Recorded information »

------------------------------------------------------------------------

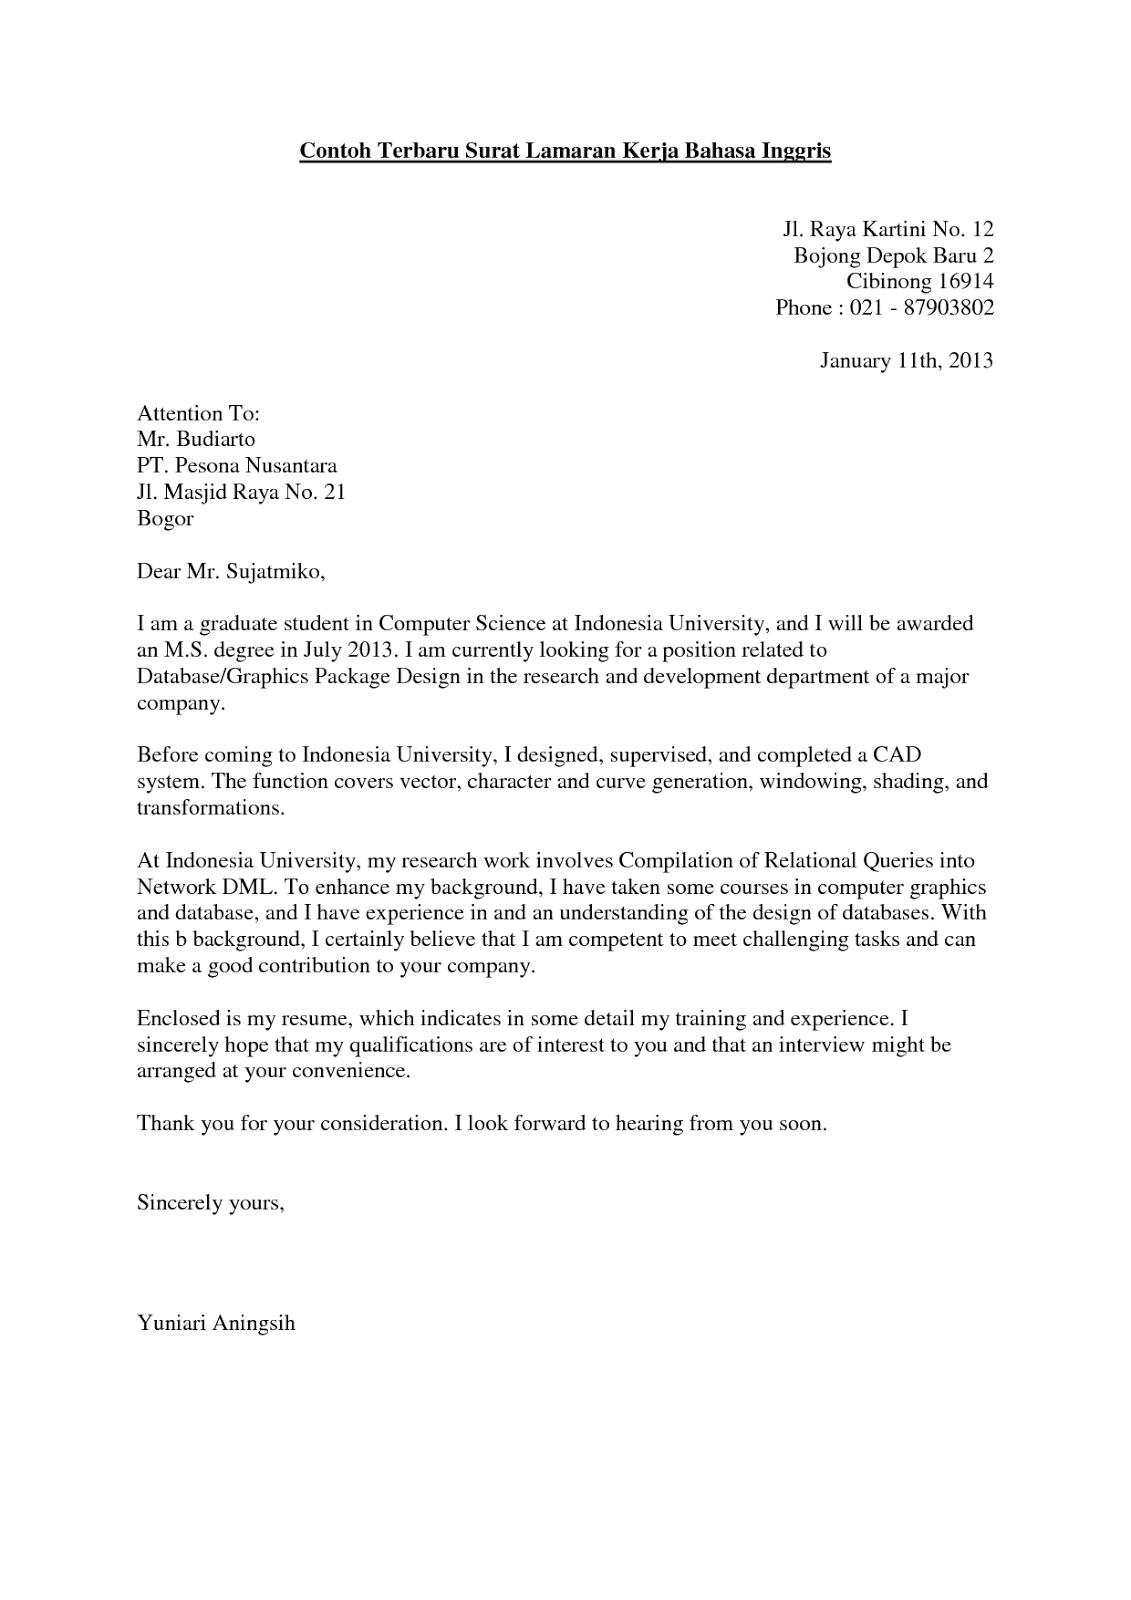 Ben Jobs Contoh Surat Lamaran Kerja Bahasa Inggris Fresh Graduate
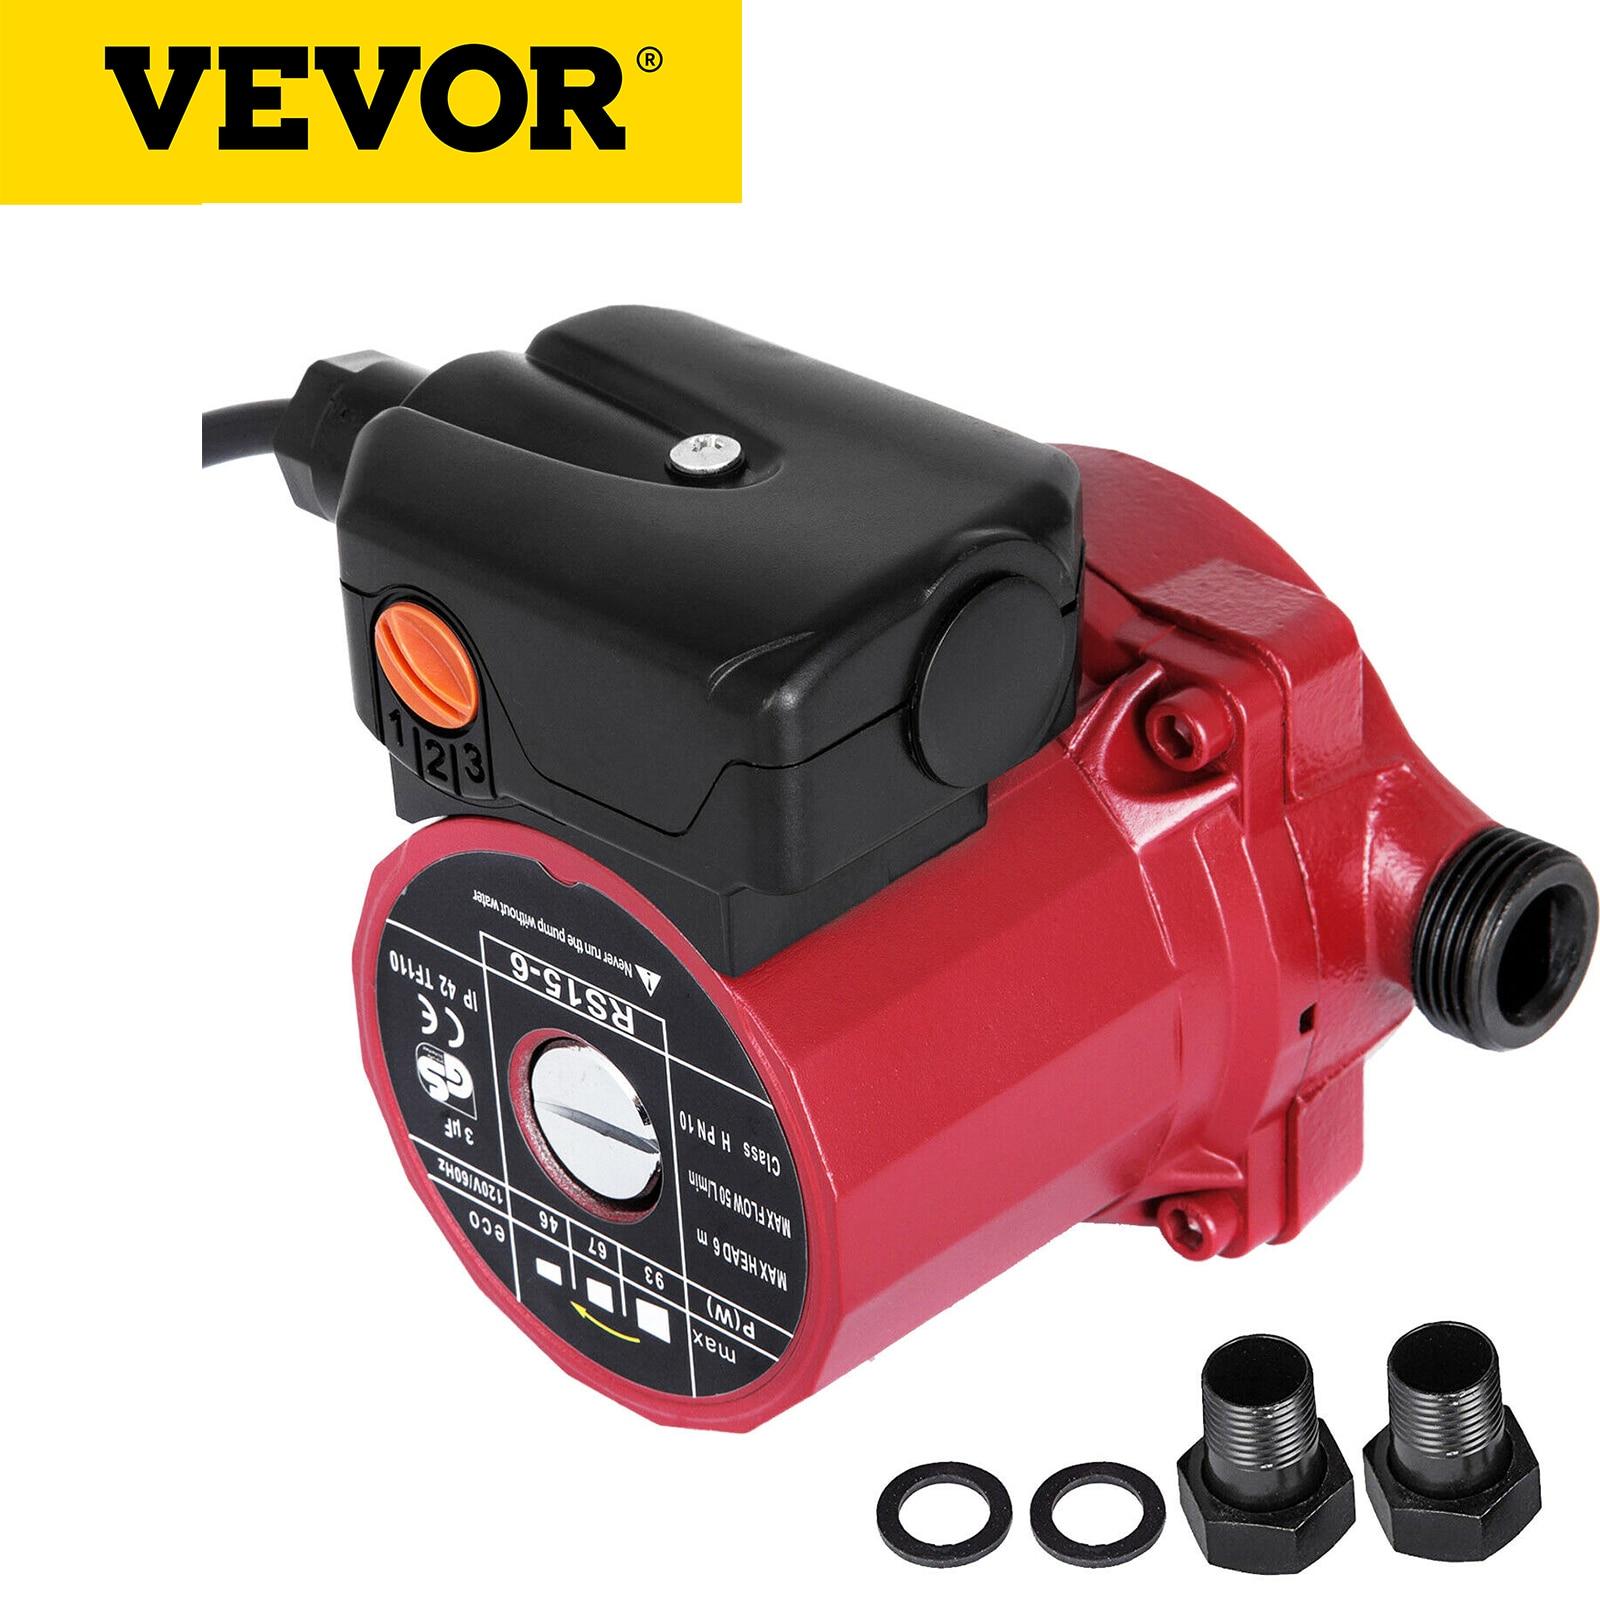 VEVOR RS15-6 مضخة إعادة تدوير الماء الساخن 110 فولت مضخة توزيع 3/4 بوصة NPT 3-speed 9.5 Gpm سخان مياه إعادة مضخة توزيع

------------------------------------------------------------------------

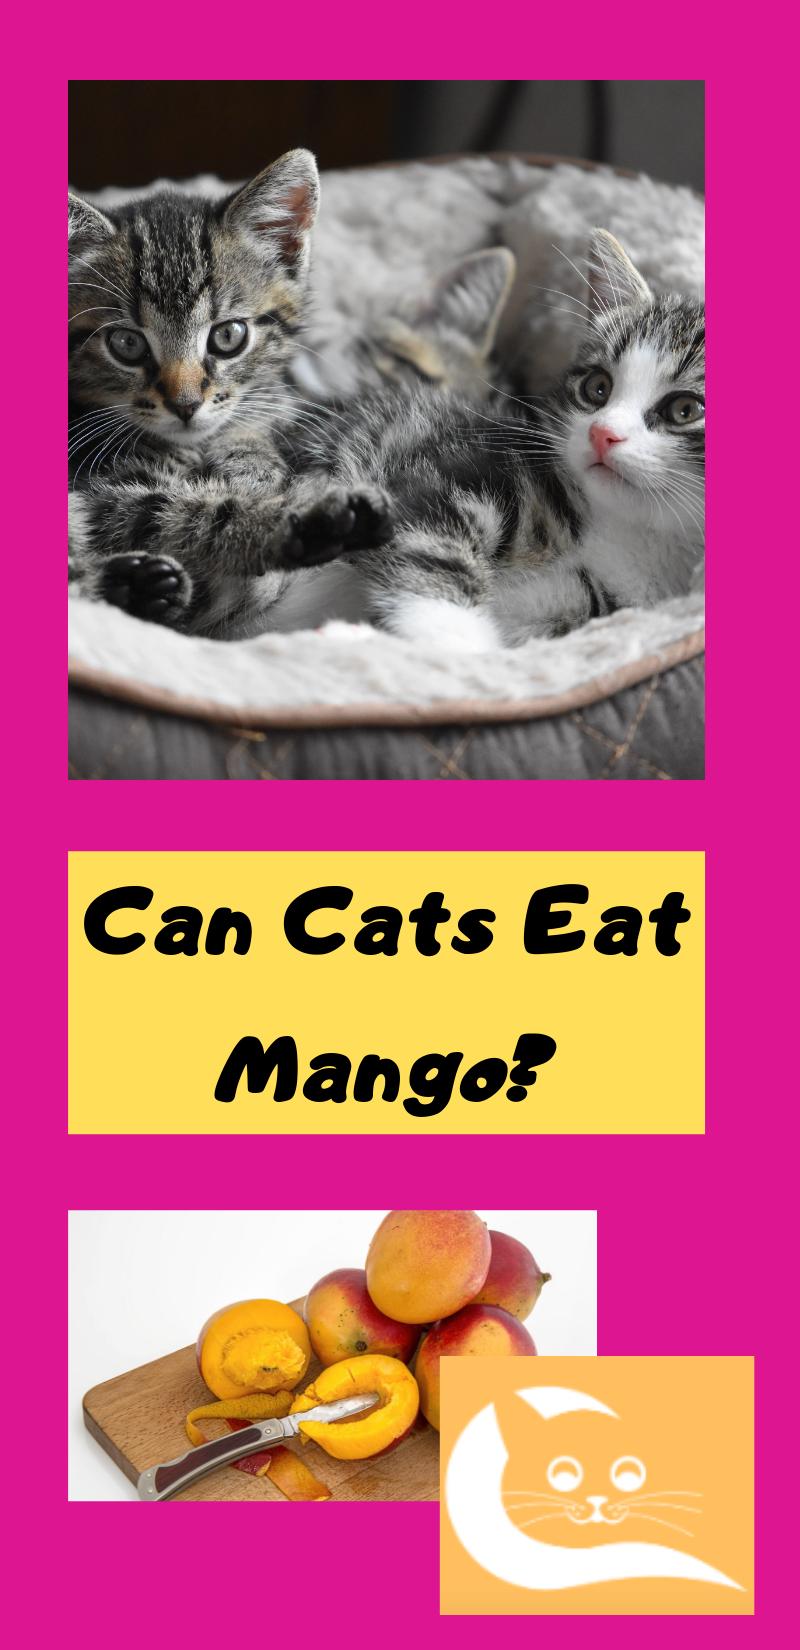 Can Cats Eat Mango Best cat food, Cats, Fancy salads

------------------------------------------------------------------------

Your assignment »
Since the pictures are not part of the copy, please transcribe only the lines above from the one with "Ben Jobs Contoh" through the one with "VEVOR RS15-6 مضخة", exactly and with both ends.

Your response »
 Ben Jobs Contoh Surat Lamaran Kerja Bahasa Inggris Fresh Graduate
 VEVOR RS15-6 مضخة إعادة تدوير الماء الساخن 110 فولت مضخة توزيع 3/4 بوصة NPT 3-speed 9.5 Gpm سخان مياه إعادة مضخة توزيع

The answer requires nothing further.